▶ **Activity**
Could you output the whole listing exactly as it stands, minus any images?

▶ **Recorded data**
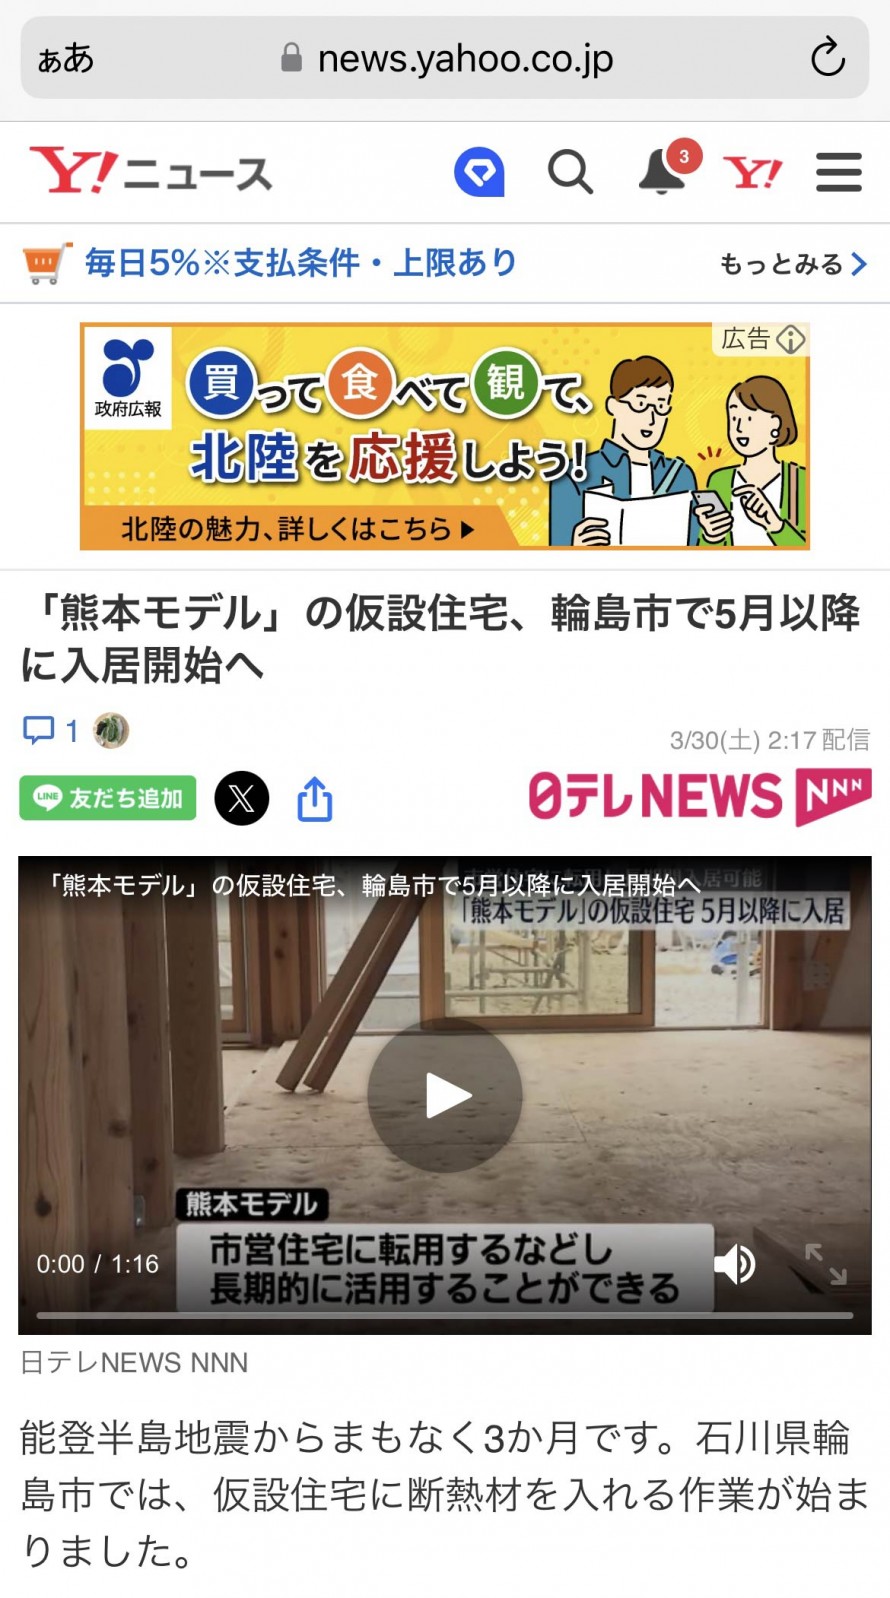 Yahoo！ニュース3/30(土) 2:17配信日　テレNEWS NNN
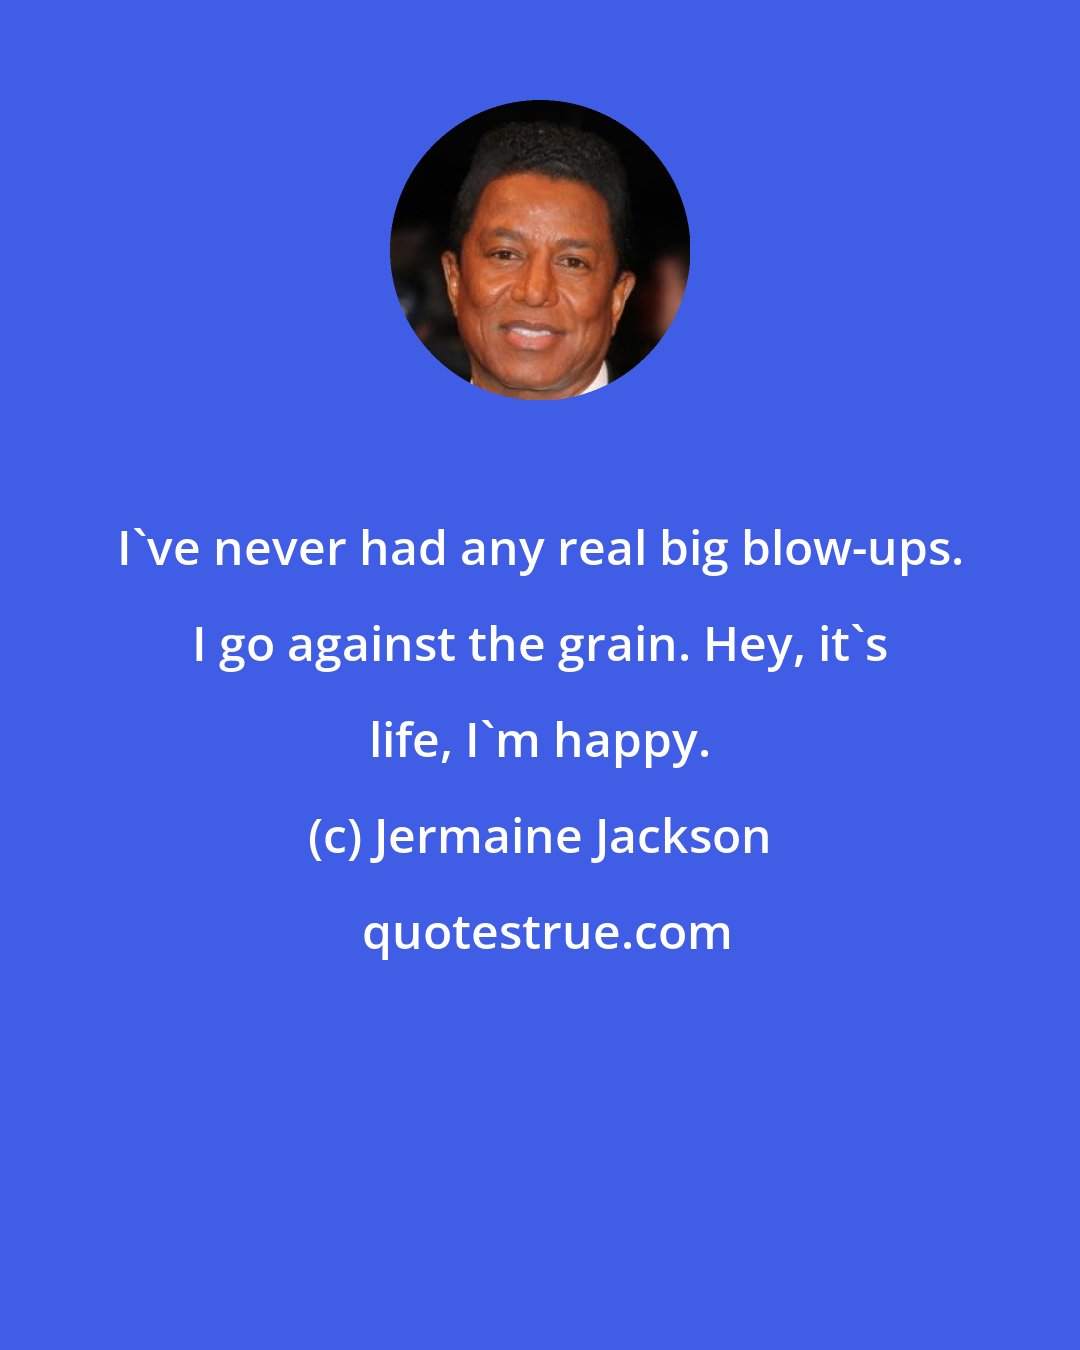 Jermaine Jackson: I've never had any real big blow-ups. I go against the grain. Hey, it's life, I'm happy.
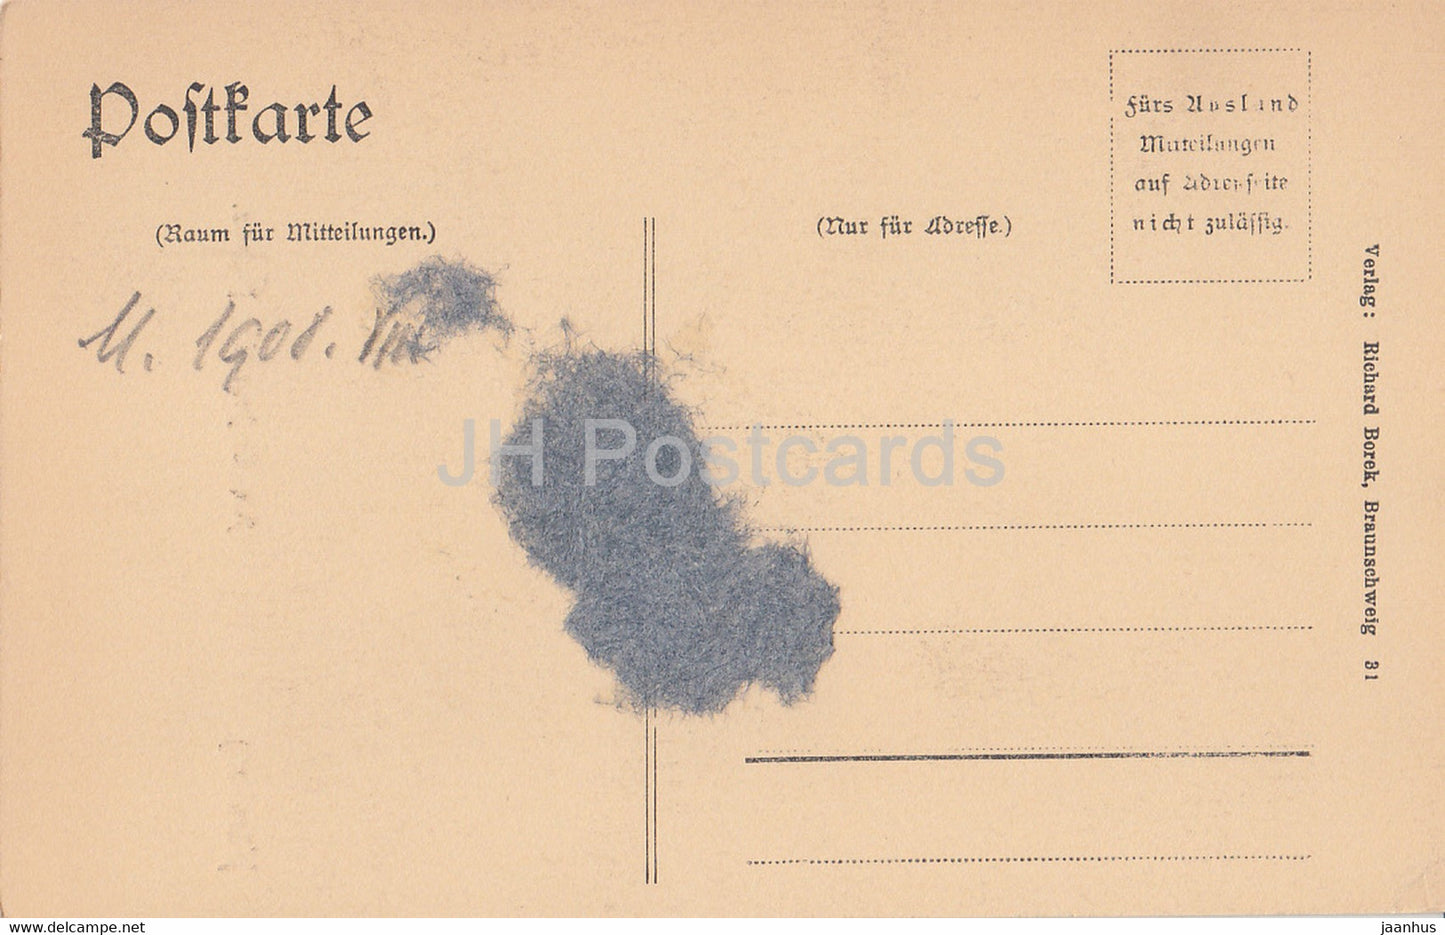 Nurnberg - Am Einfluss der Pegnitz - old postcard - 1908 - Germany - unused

▶ **Output below**
 Yahoo！ニュース3/30(土) 2:17配信日　テレNEWS NNN
 Jermaine Jackson: I've never had any real big blow-ups. I go against the grain. Hey, it's life, I'm happy.
 Nurnberg - Am Einfluss der Pegnitz - old postcard - 1908 - Germany - unused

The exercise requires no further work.